Objective: To compare the randomized controlled trial evidence for therapeutic effects on walking of functional electrical stimulation and ankle foot orthoses for foot drop caused by central nervous system conditions.
Data sources: MEDLINE, CINAHL, Cochrane Central Register of Controlled Trials, REHABDATA, PEDro, NIHR Centre for Reviews and Dissemination, Scopus and
Study selection: One reviewer screened titles/abstracts. Two independent reviewers then screened the full articles.
Data extraction: One reviewer extracted data, another screened for accuracy. Risk of bias was assessed by 2 independent reviewers using the Cochrane Risk of Bias Tool.
Data synthesis: Eight papers were eligible; 7 involving participants with stroke and 1 involving participants with cerebral palsy. Two papes reporting different measures from the same trial were grouped, resulting in 7 synthesized randomized controlled trials (n= 464). Meta-analysis of walking speed at final assessment (p = 0.46), for stroke participants (p = 0.54) and after 4–6 weeks’ use (p = 0.49) showed equal improvement for both devices.

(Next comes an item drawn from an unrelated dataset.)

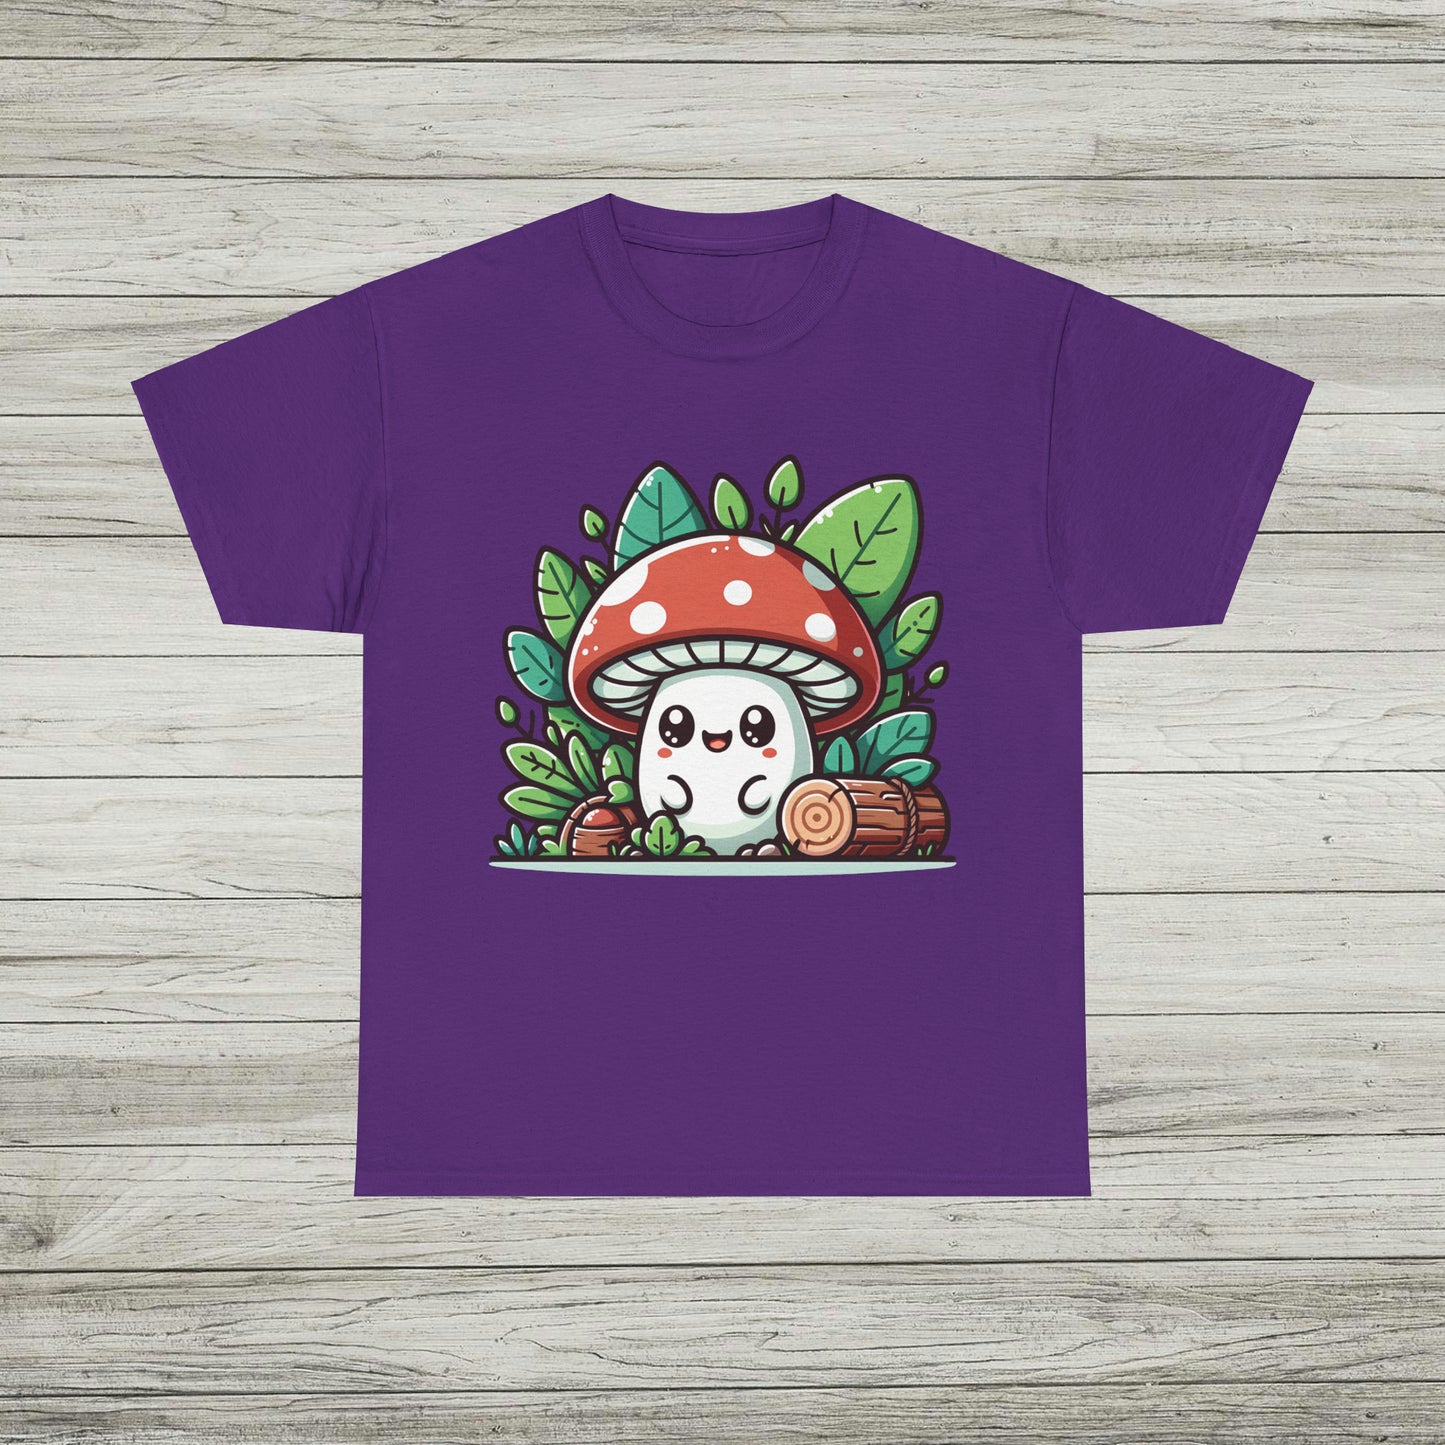 Happy Mushroom T-Shirt, Shroom in the Forest TShirt, Retro Hippie Fungi Tee

Conclusion: Functional electrical stimulation and ankle foot orthoses have an equally positive therapeutic effect on walking speed in non-progressive central nervous system diagnoses. The current randomized controlled trial evidence base does not show whether this improvement translates into the user’s own environment or reveal the mechanisms that achieve that change. Future studies should focus on measuring activity, muscle activity and gait kinematics. They should also report specific device details, capture sustained therapeutic effects and involve a variety of central nervous system diagnoses.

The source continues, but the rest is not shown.